STORED DATA -

++++++++++++++++++++

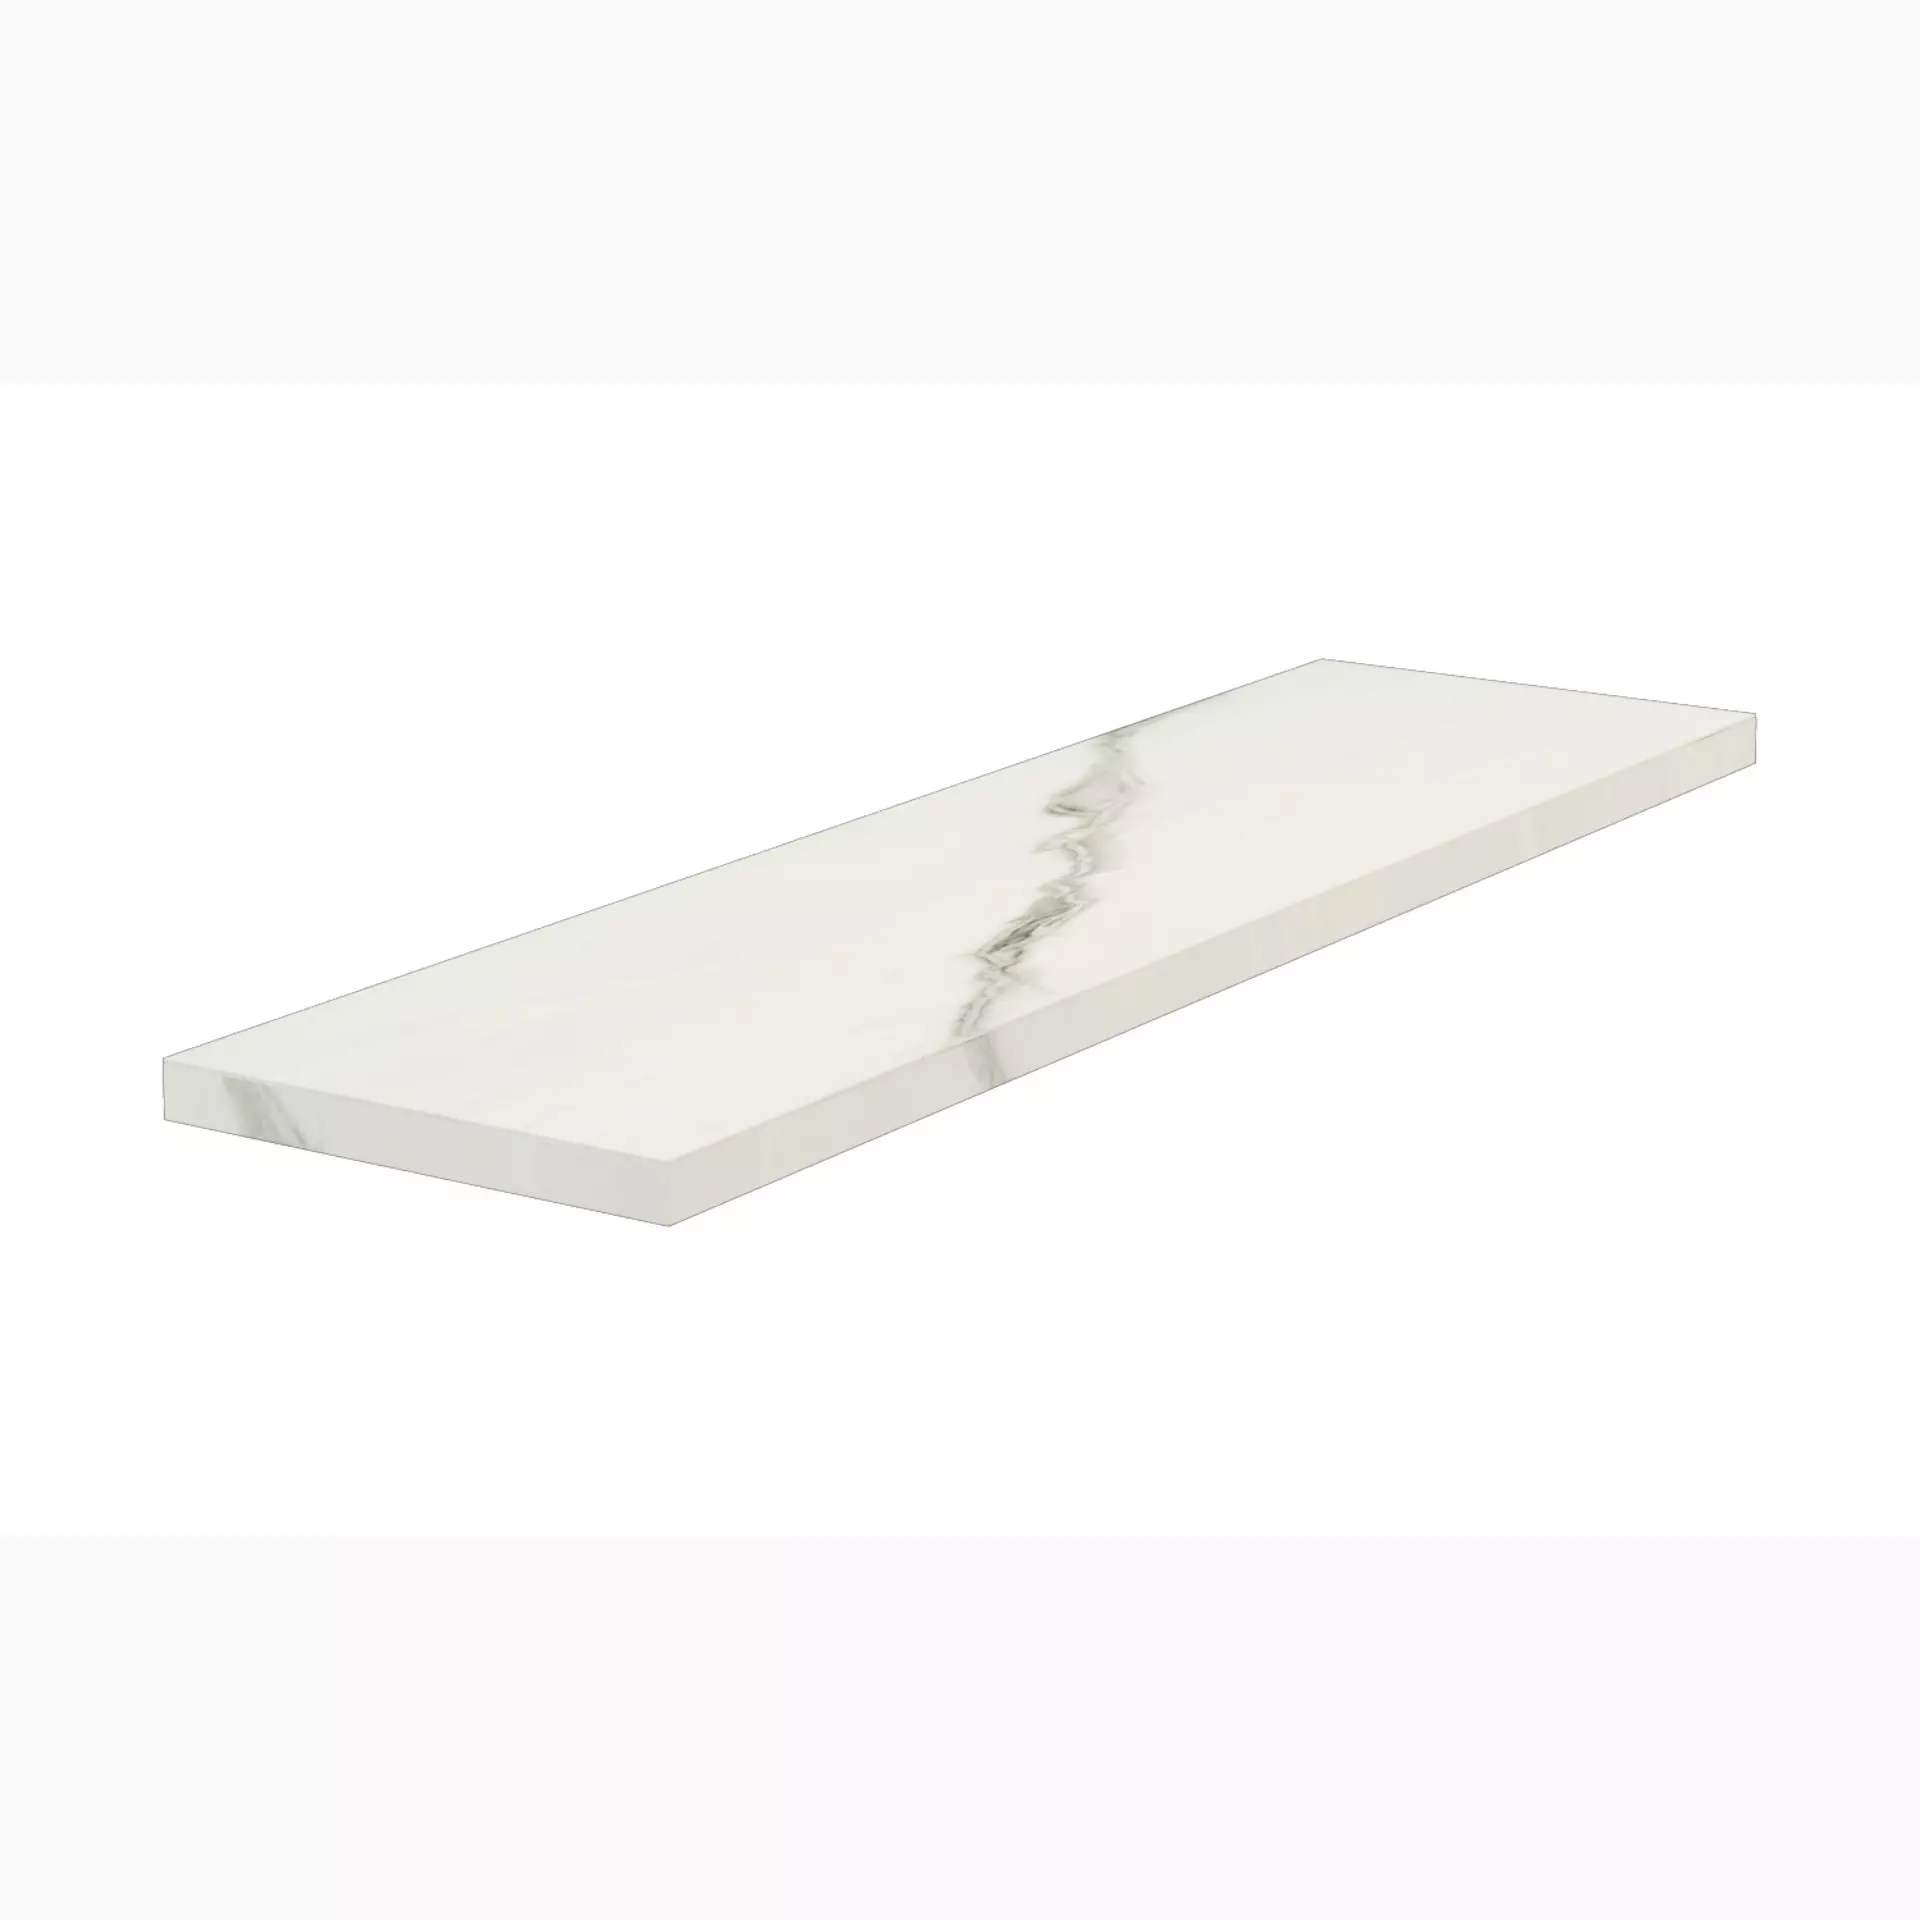 Del Conca Hpm Premiere Onice Bianco Hpm Naturale Corner plate Step Right G3PM20RGD 33x120cm rectified 8,5mm
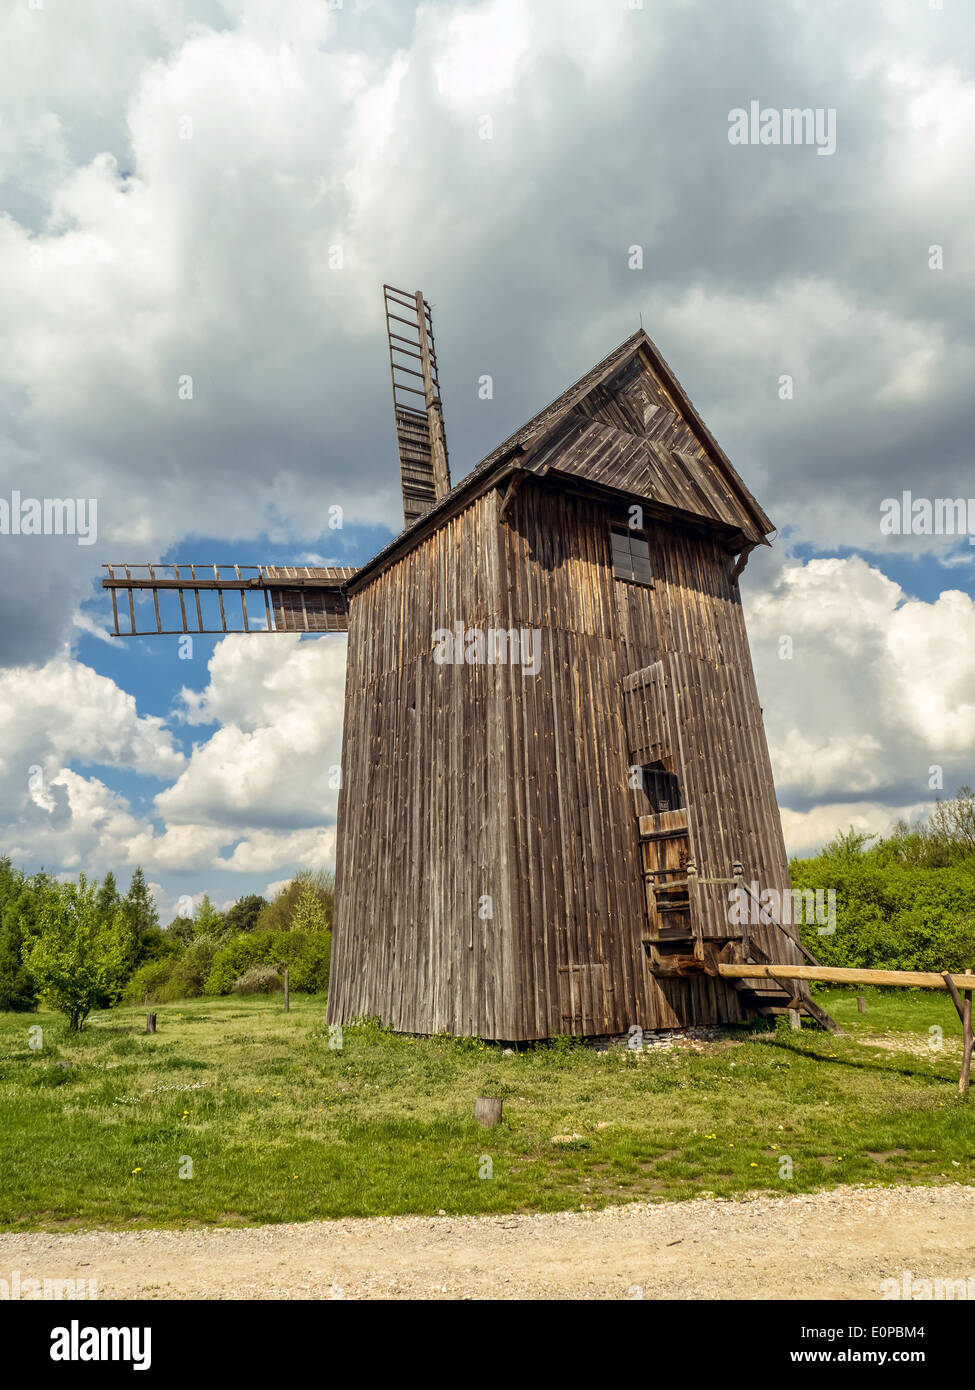 Old wooden windmill against blue sky Stock Photo
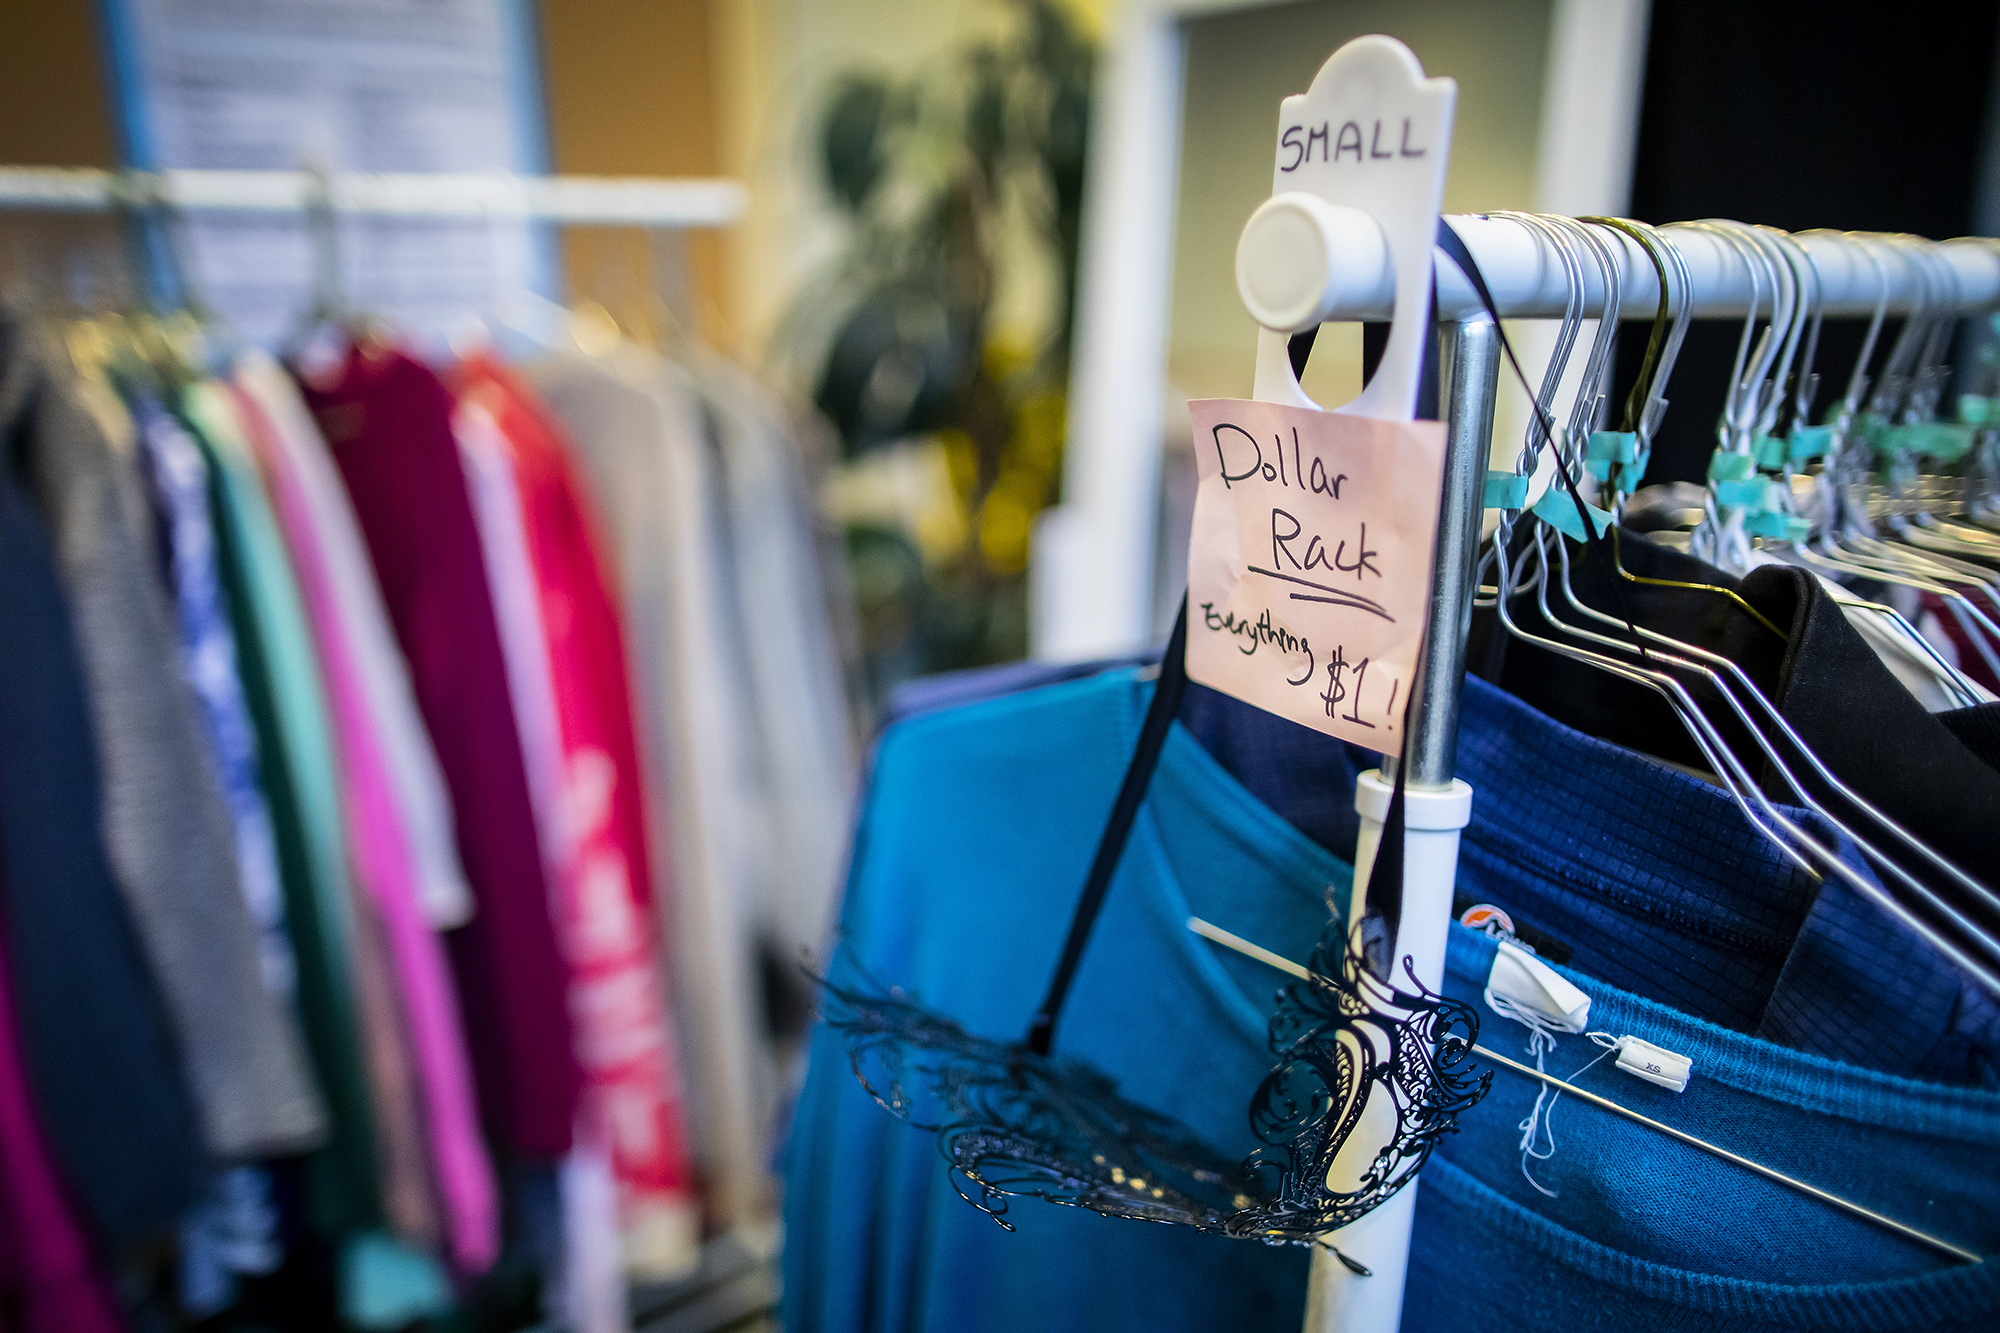 A rack of clothes in the foreground says "Dollar Rack: Everything $1!" and "Small" up top. In the background is another clothing rack, blurred out.
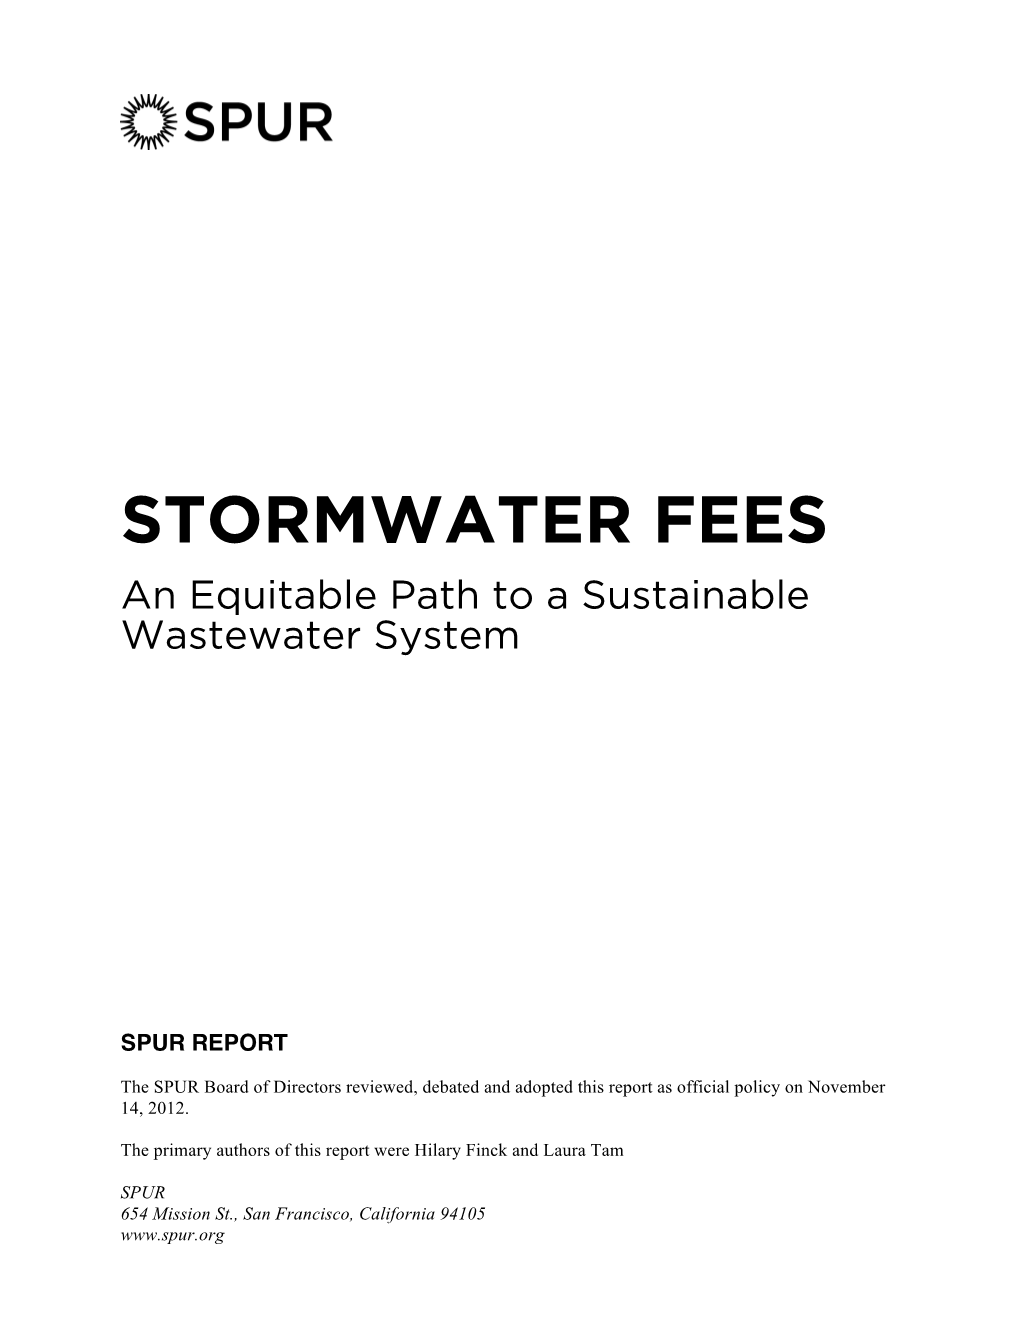 STORMWATER FEES an Equitable Path to a Sustainable Wastewater System

++++++++++++++++++++

PROBLEM STATEMENT - Your answer must be the full listing, copied exactly, with no pictures in it.

RESULT -
 Del Conca Hpm Premiere Onice Bianco Hpm Naturale Corner plate Step Right G3PM20RGD 33x120cm rectified 8,5mm
 Old wooden windmill against blue sky Stock Photo
 A rack of clothes in the foreground says "Dollar Rack: Everything $1!" and "Small" up top. In the background is another clothing rack, blurred out.
 STORMWATER FEES an Equitable Path to a Sustainable Wastewater System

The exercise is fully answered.